Association, corrélation et causalité

La plupart des études comprennent de multiples variables de réponse, et les dépendances entre elles sont souvent d’un grand intérêt. Par exemple, nous pouvons souhaiter savoir si les niveaux d’ARNm et de la protéine correspondante varient ensemble dans un tissu, ou si l’augmentation des niveaux d’un métabolite est associée à la modification des niveaux d’un autre. Ce mois-ci, nous entamons une série de chroniques sur les relations entre variables (ou caractéristiques d’un système), en commençant par la façon dont les dépendances par paires peuvent être caractérisées à l’aide de la corrélation.

Deux variables sont indépendantes lorsque la valeur de l’une ne donne aucune information sur la valeur de l’autre. Pour les variables X et Y, on peut exprimer l’indépendance en disant que la chance de mesurer l’une des valeurs possibles de X n’est pas affectée par la valeur de Y, et vice versa, ou en utilisant la probabilité conditionnelle, P(X|Y) = P(X). Par exemple, les lancers successifs d’une pièce de monnaie sont indépendants – pour une pièce juste, P(H) = 0,5 quel que soit le résultat du lancer précédent, car un lancer ne modifie pas les propriétés de la pièce. En revanche, si un système est modifié par l’observation, les mesures peuvent devenir associées ou, de manière équivalente, dépendantes. Les cartes tirées sans remplacement ne sont pas indépendantes ; lorsqu’une carte rouge est tirée, la probabilité de tirer une carte noire augmente, car il y a maintenant moins de cartes rouges.

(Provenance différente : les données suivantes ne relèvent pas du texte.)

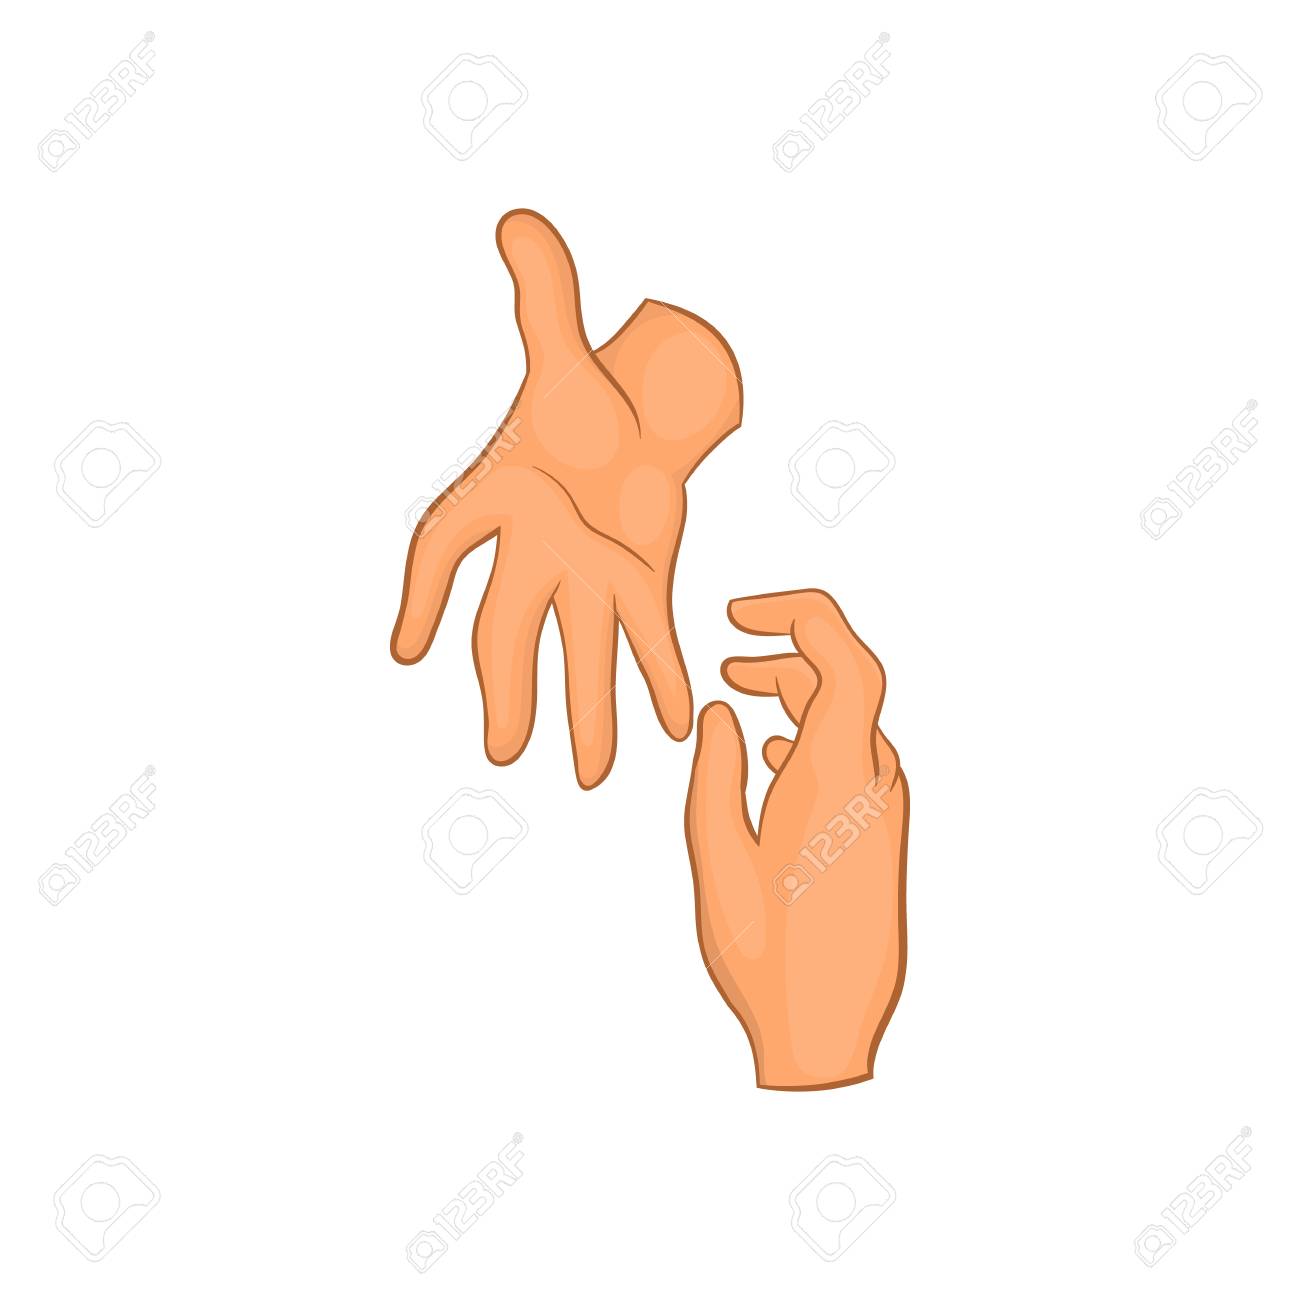 Helping Hand Icon In Cartoon Style Isolated On White Background

L’association ne doit pas être confondue avec la causalité ; si X cause Y, alors les deux sont associés (dépendants). Cependant, des associations peuvent survenir entre des variables en présence (c’est-à-dire que X cause Y) et en l’absence (c’est-à-dire qu’elles ont une cause commune) d’une relation causale, comme nous l’avons vu dans le contexte des réseaux bayésiens1. À titre d’exemple, supposons que nous observions que les personnes qui boivent quotidiennement plus de 4 tasses de café ont moins de chances de développer un cancer de la peau. Cela ne signifie pas nécessairement que le café confère une résistance au cancer ; une autre explication serait que les personnes qui boivent beaucoup de café travaillent en intérieur pendant de longues heures et sont donc peu exposées au soleil, un risque connu. Si c’est le cas, alors le nombre d’heures passées à l’extérieur est une variable de confusion – une cause commune aux deux observations. Dans une telle situation, un lien de causalité direct ne peut être déduit ; l’association suggère simplement une hypothèse, comme une cause commune, mais n’offre pas de preuve. En outre, lorsque de nombreuses variables de systèmes complexes sont étudiées, des associations fallacieuses peuvent apparaître. Ainsi, l’association n’implique pas la causalité.

Dans le langage courant, dépendance, association et corrélation sont utilisées de manière interchangeable. Techniquement, cependant, l’association est synonyme de dépendance et est différente de la corrélation (figure 1a). L’association est une relation très générale : une variable fournit des informations sur une autre. La corrélation est plus spécifique : deux variables sont corrélées lorsqu’elles présentent une tendance à la hausse ou à la baisse. Par exemple, dans une tendance croissante, observer que X > μX implique qu’il est plus probable que Y > μY. Parce que toutes les associations ne sont pas des corrélations, et parce que la causalité, comme nous l’avons vu plus haut, ne peut être reliée qu’à l’association, nous ne pouvons pas assimiler la corrélation à la causalité dans un sens ou dans l’autre.

Figure 1 : La corrélation est un type d’association et mesure des tendances croissantes ou décroissantes quantifiées à l’aide de coefficients de corrélation.

(a) Diagrammes de dispersion de variables associées (mais non corrélées), non associées et corrélées. Dans l’exemple de l’association inférieure, la variance de y augmente avec x. (b) Le coefficient de corrélation de Pearson (r, noir) mesure les tendances linéaires, et le coefficient de corrélation de Spearman (s, rouge) les tendances croissantes ou décroissantes. (c) Des ensembles de données très différents peuvent avoir des valeurs r similaires. Des descripteurs tels que la courbure ou la présence de valeurs aberrantes peuvent être plus spécifiques.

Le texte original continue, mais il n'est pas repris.